Since Gillam never spoke with anyone from State Farm, if Richard had a duty to explain the nature of UIM coverage to him, his failure to do so could be found to be negligence. This is short of fraud, since plaintiffs produce no evidence to show how this failure to say anything constitutes the hypothetical specific representation by Richard that "your coverage is 100/300 and coverage is coverage," or that this hypothetical representation was relied on by Kenneth Gillam. But this line of attack fails at the outset because Pennsylvania does specify what duty an agent has to advise the consumer of UIM coverage provisions: it is set forth in Section 1791, and there is no dispute that State Farm complied with Section 1791.

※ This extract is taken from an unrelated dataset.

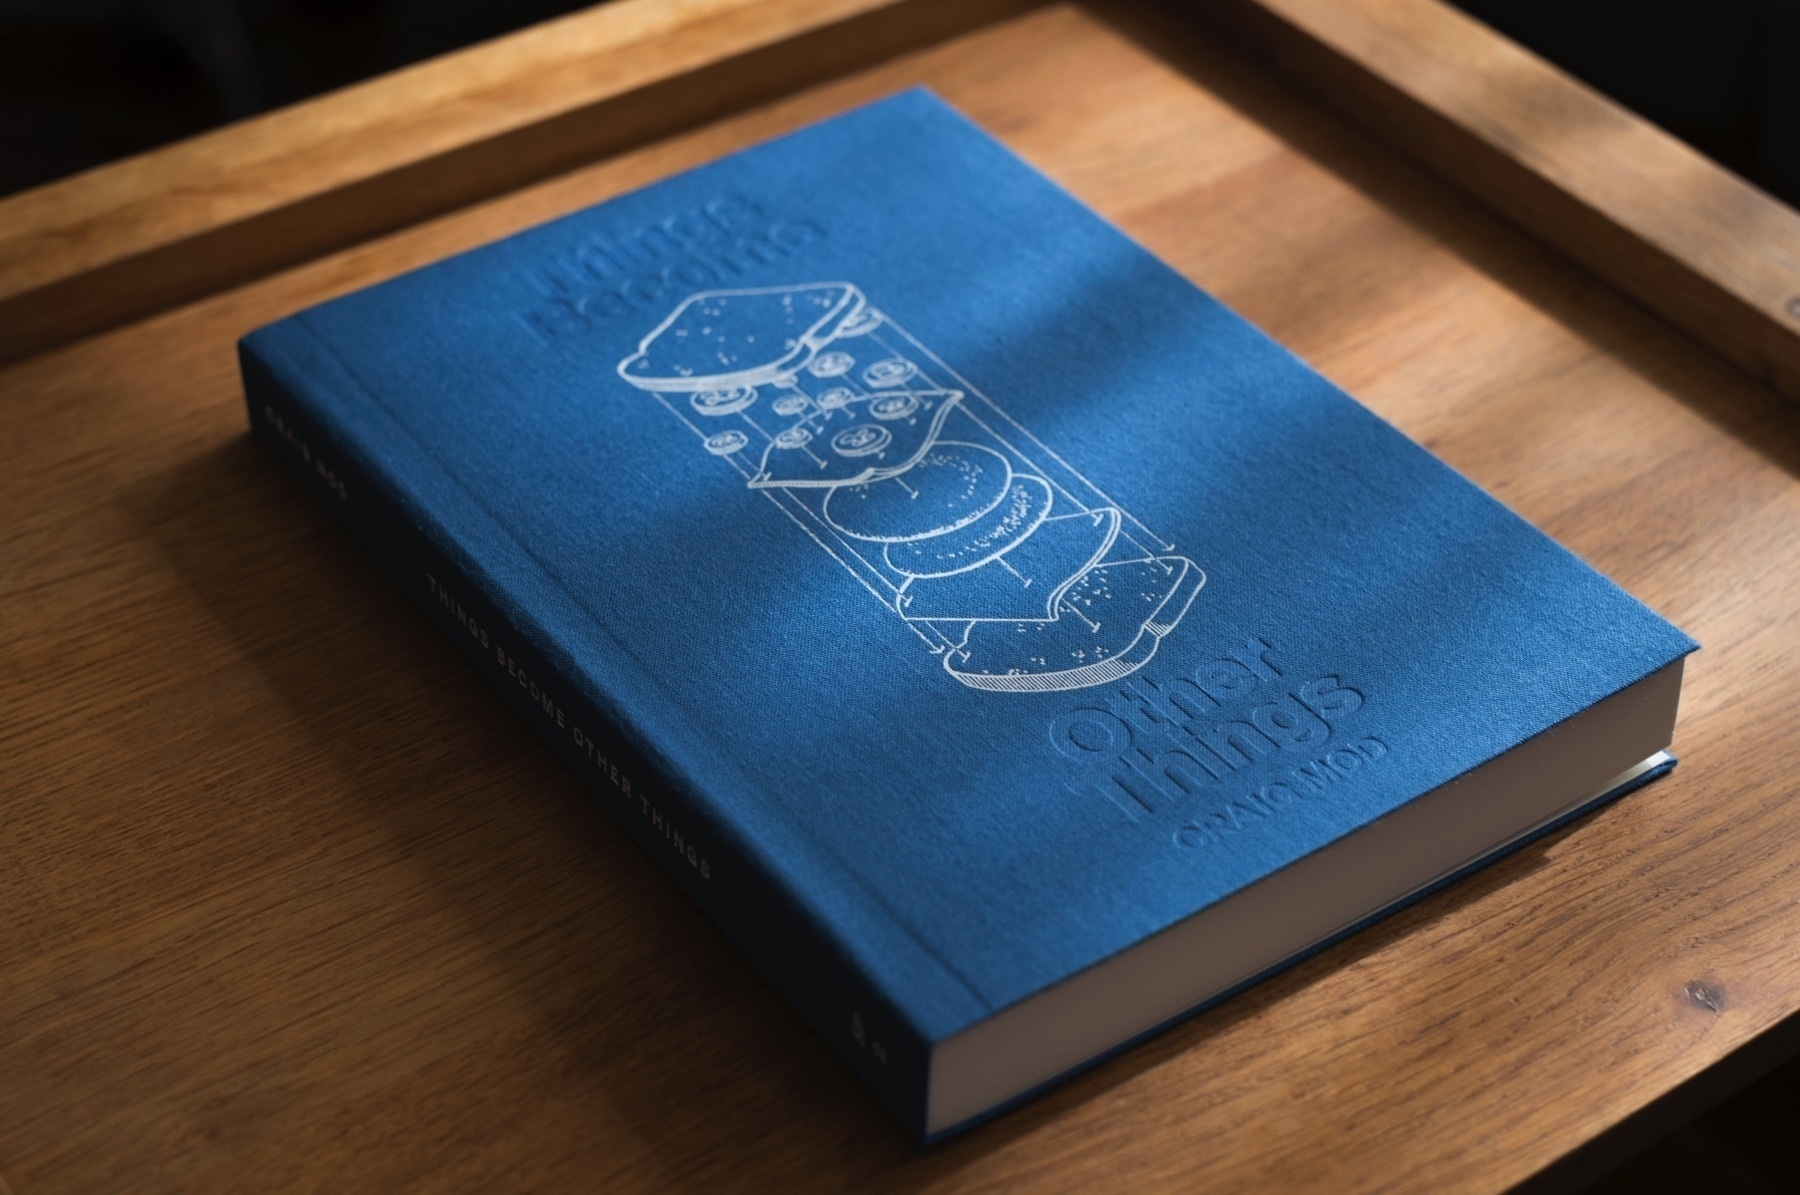 A beautiful blue book with a deconstructed sandwich on the cover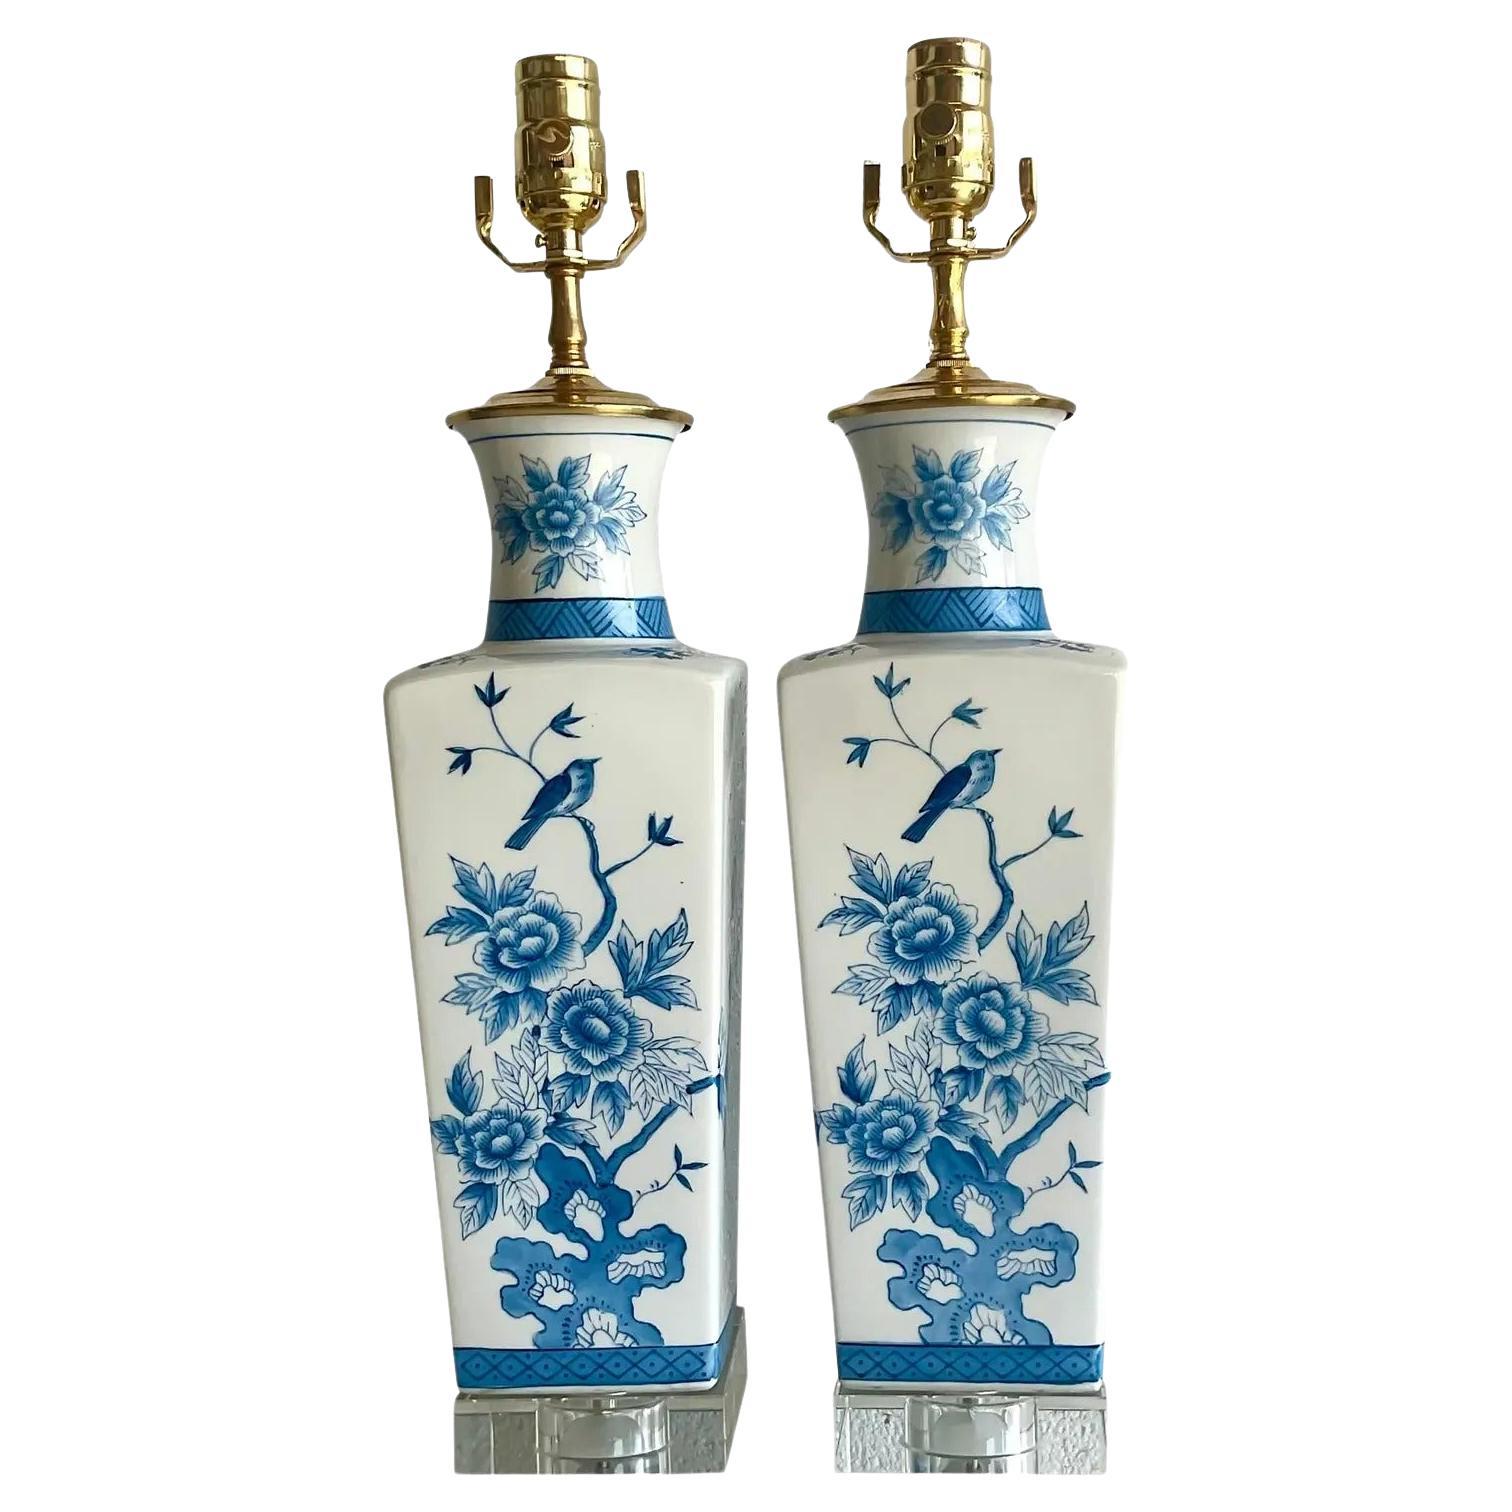 Vintage Regency Blue and White Chinoiserie Glazed Ceramic Lamps, a Pair

Finally, I must point out that there is no evidence whatsoever to support the argument scattered throughout plaintiffs' brief,see docket no. 17 Plaintiffs' Brief at 12, 16, 17, that a jury could find fraud because insurers in general have an "abusive practice" of foisting off lower levels of coverage on insureds to gain some illicit benefit, and that this calls for heightening the waive down requirements beyond the minimal requirements of Section 1734. As counsel must know, the prices of goods and services, whether carrots or insurance policies, are set to cover costs and return some margin of profit. Except in monopolized markets, what keeps that margin of profit in check is the potential for losing customers to other merchants offering the same product for lower prices. Since an automobile insurer is not in business to lose money, unless it irrationally applies different actuarial methods to the same risk factors, it would ordinarily want all of its insured to have as high UM or UIM coverage as it can without driving customers away, because higher coverages mean higher premiums. Steering an insured to select lower limits, which is what plaintiffs counsel accuses defendant of doing, would in every imaginable circumstances be contrary to the insurer's perceived self interest, since if an insurer believes it has competently assessed the cost of insuring its clients, it would believe that it benefits by writing as much business as possible. I cannot say an insurer couldn't act irrationally, but as the Supreme Court said almost two decades ago, the absence of any plausible motive to engage in the conduct alleged by plaintiffs is relevant to whether a genuine issue of fact exists within the meaning of Rule 56(e). Matsushita Electric Industrial Co. v. Zenith Radio, 475 U.S. at 596-97.
In sum, the Pennsylvania legislature regulates the relative duties of insured and insurer in detail, and in the MVFRL has chosen to set (in Section 1731) relatively stringent requirements for rejecting UIM coverage but (in Section 1734) relatively modest requirements for selecting particular levels of UIM coverage. Those requirements were obeyed by defendant. A sympathetic court cannot change those rules after the fact by finding an issue of fact for the jury where there is none. Judgment must be entered for the defendant.
Pursuant to 28 U.S.C. § 636(b)(1), the parties are given notice that they have ten days to serve and file written objections to this Report and Recommendation.